- **Your objective**: Print nothing but the lines below starting at the line that holds "JEEP LIBERTY 2011" and ending at the line that holds "13,000 26,000 39,000", including both, each exactly as written.

- **Data excerpts**:
-------
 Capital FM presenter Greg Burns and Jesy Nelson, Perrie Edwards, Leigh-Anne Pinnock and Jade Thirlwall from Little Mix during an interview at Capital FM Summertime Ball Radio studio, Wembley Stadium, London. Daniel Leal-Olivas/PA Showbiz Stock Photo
-------
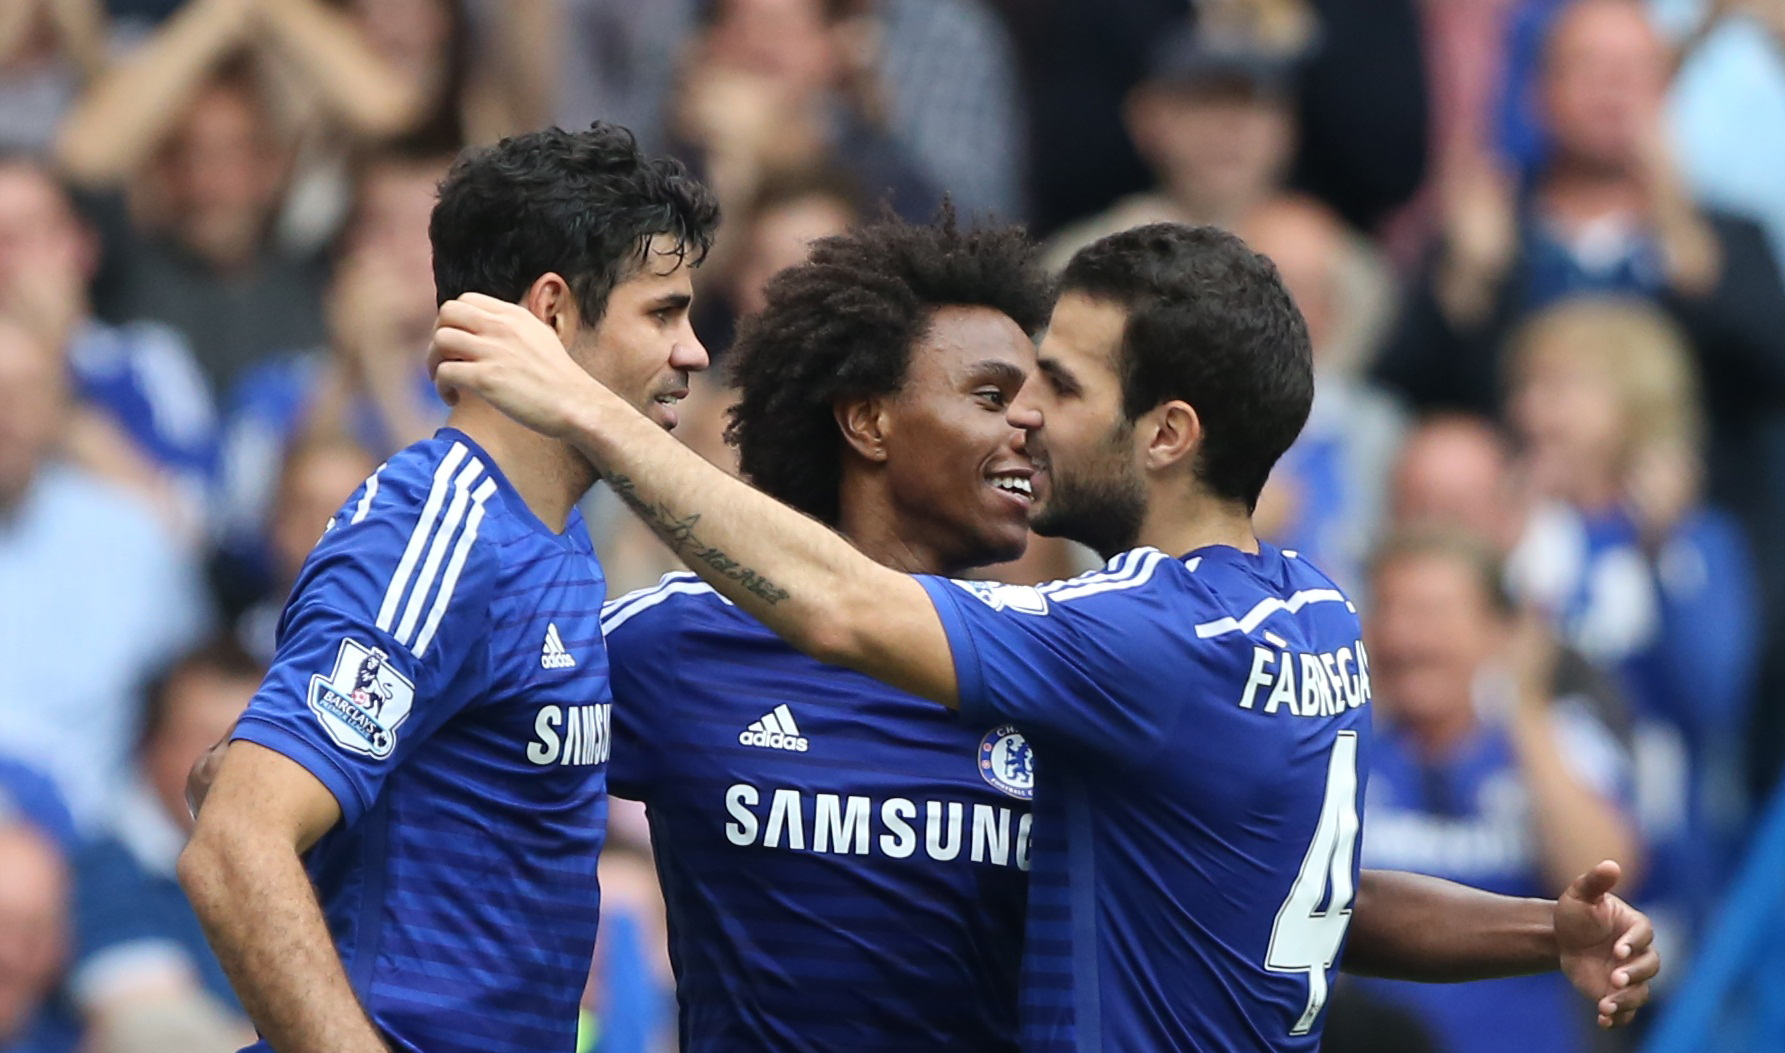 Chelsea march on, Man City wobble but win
-------
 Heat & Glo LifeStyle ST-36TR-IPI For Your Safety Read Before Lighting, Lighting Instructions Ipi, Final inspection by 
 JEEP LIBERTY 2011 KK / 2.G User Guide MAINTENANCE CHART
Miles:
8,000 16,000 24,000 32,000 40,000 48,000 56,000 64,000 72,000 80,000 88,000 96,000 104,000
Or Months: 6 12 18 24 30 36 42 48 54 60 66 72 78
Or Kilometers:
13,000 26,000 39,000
-------
- **Task answer**:
 JEEP LIBERTY 2011 KK / 2.G User Guide MAINTENANCE CHART
Miles:
8,000 16,000 24,000 32,000 40,000 48,000 56,000 64,000 72,000 80,000 88,000 96,000 104,000
Or Months: 6 12 18 24 30 36 42 48 54 60 66 72 78
Or Kilometers:
13,000 26,000 39,000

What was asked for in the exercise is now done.